More recently, there has been an attempted rehabilitation of Little Chef by television – as is the mode – where Heston Blumenthal, celebrity Big Chef, food scientist – and direct male line descendant of Doctor Bunsen Honeydew off the Muppet Show – was called in by the new owners of the chain to inject a little vim into a roulade of pastiche, or something, and pep up the Little Chef menu using his experimental know how.

Heston Blumenthal

Heston Blumenthal

For readers unfamiliar with Heston Blumenthal, the Bunsen Honeydew reference is actually more helpful than facetious (although it is, also, fairly facetious). Heston runs a restaurant called The Fat Duck, where he has pioneered the art of wilfully over-complicated gastronomy: Bacon and Egg Ice Cream, for example, Snail Porridge, or, splendidly, the ‘Sound of the Sea,’ which the Daily Mail (you can tell, for all their couldn’t-make-it-up demeanour, they actually love this sort of thing) described thus:

“The seafood dish is presented on a glass-topped wooden box containing sand and seashells and consists of what looks like sand but is in fact a mixture of tapioca, fried breadcrumbs, crushed fried baby eels, cod liver oil and langoustine oil topped with abalone, razor clams, shrimps and oysters and three kinds of edible seaweed. The final touch – the culmination of Blumenthal’s experiments exploring the relationship between sound and the experience of eating – will be the iPod so that diners can listen to the sound of the sea while they eat.”

Doesn’t that sound amazing though? Predictably, for such a bleeding edge confectioner, the programme ended in semi-triumph. Heston had visited his first Little Chef to discover that they didn’t even have pans any more. Everything is cooked in a factory somewhere and reheated on-site, on a vast griddle, presumably to claw back costs on inconveniences such as kitchen porters, second chefs, cleaners, etc.  He gamely gave it a go, but when a restaurant chain lacks such basics as actual cooking implements, it seemed unlikely that a man known for firing eggs from a mortar at decelerating jet engines to achieve the optimum omelette consistency would be able to offer anything other than a whimsical ‘vorsprung durch technik’ wry thumb over the shoulder at The Way We Were. Or perhaps at least an impressive but inedible A-team-styled improvisation with petrol pumps, griddle scrapers and soil.

He didn’t really do the egg, mortar and jet recipe, but it’s the sort of thing he might, and a very appealing image. However he has, against some odds, re-tooled the menu at a Little Chef in Popham near Basingstoke, with moderate success and an option to expand his re-tooling should it prove profitable – although for some reason I keep imagining the dish “Burnished Turd, on a bed of False Expectations with a Jus of Over Ambition”. Anyway.
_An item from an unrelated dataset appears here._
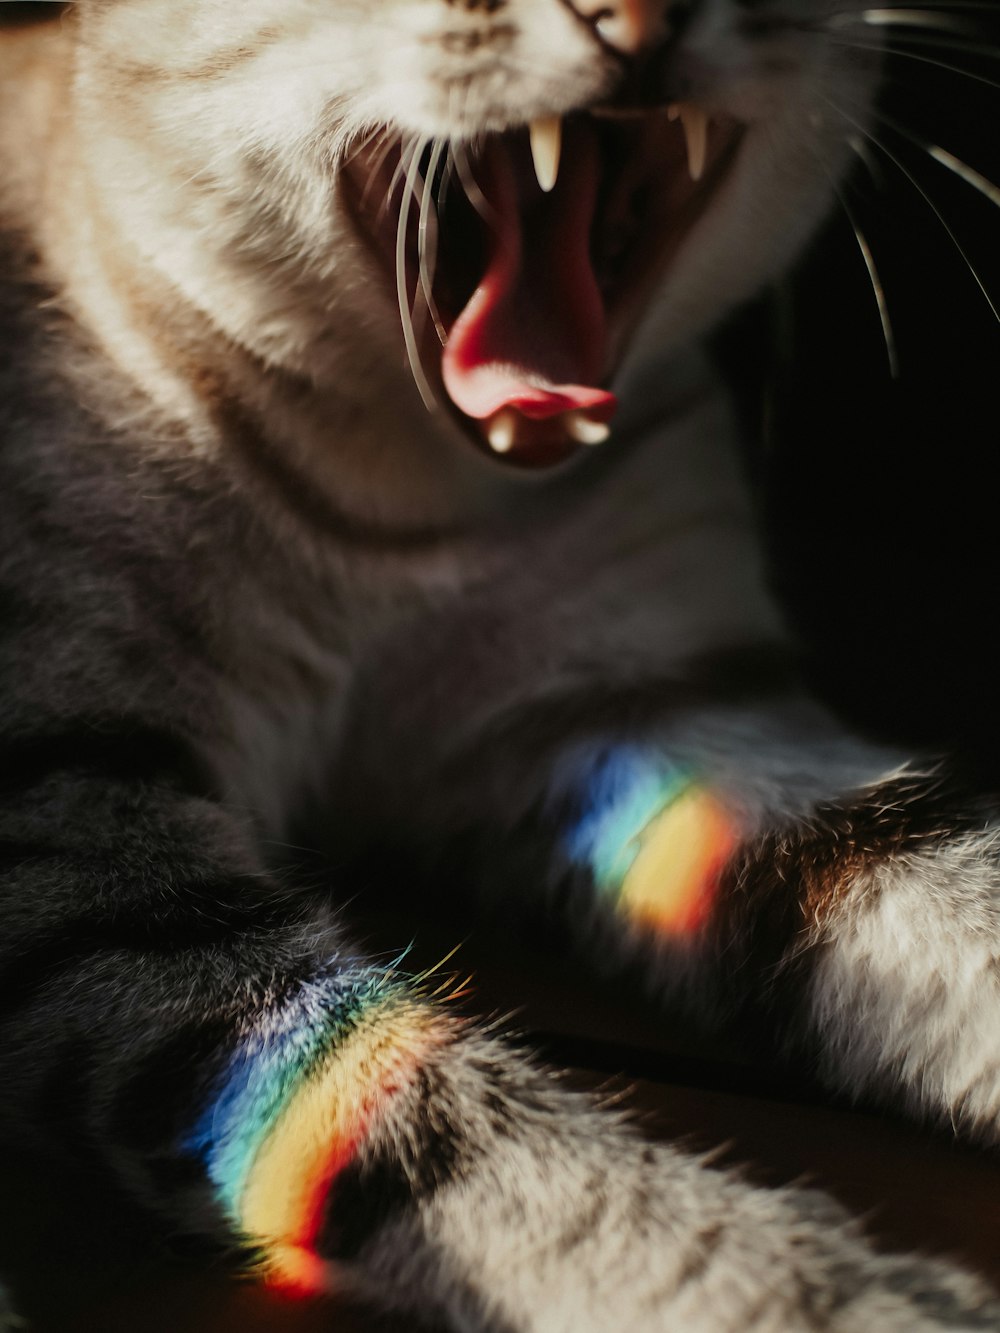 Un primer plano de un gato con la boca abierta

It was with all of the foregoing in mind that we sat down to break our fasts on a misty morning in the north east of England.

M’Colleague Simon agreed to take part in a tribute to Heston, the Fat Duck and Little Chef. He had ‘Pancake Breakfast’, which seems slightly disingenuous given the actual absence of pans (a still scarcely believable fact, confirmed by the waitress), and I had the ‘American Style Breakfast’, which had pancakes bolstered by scrambled egg and bacon. We both got a jug of maple syrup to provide flavour to the food and coffees.

We decided that the ultimate complement to our meal would be to recreate a Heston Experience, in a tableau we could call ‘The Sound of the Griddle’.

Simon is listening to ‘Nine to five’, by Dolly Parton.

Simon is listening to ‘9 to 5’ by Dolly Parton.

Mark is listening to ‘Don’t fear the reaper’ by Blue Oyster Cult.

Mark is listening to ‘Don’t fear the reaper’ by Blue Oyster Cult.

Gratifyingly, there was the consolation of lollipops, traditionally only presented to those emptying their plates. The Little Chef website promises “Bring your healthy appetite and we’ll make sure you leave ready for your journey,” which, on consideration, is not an idle boast.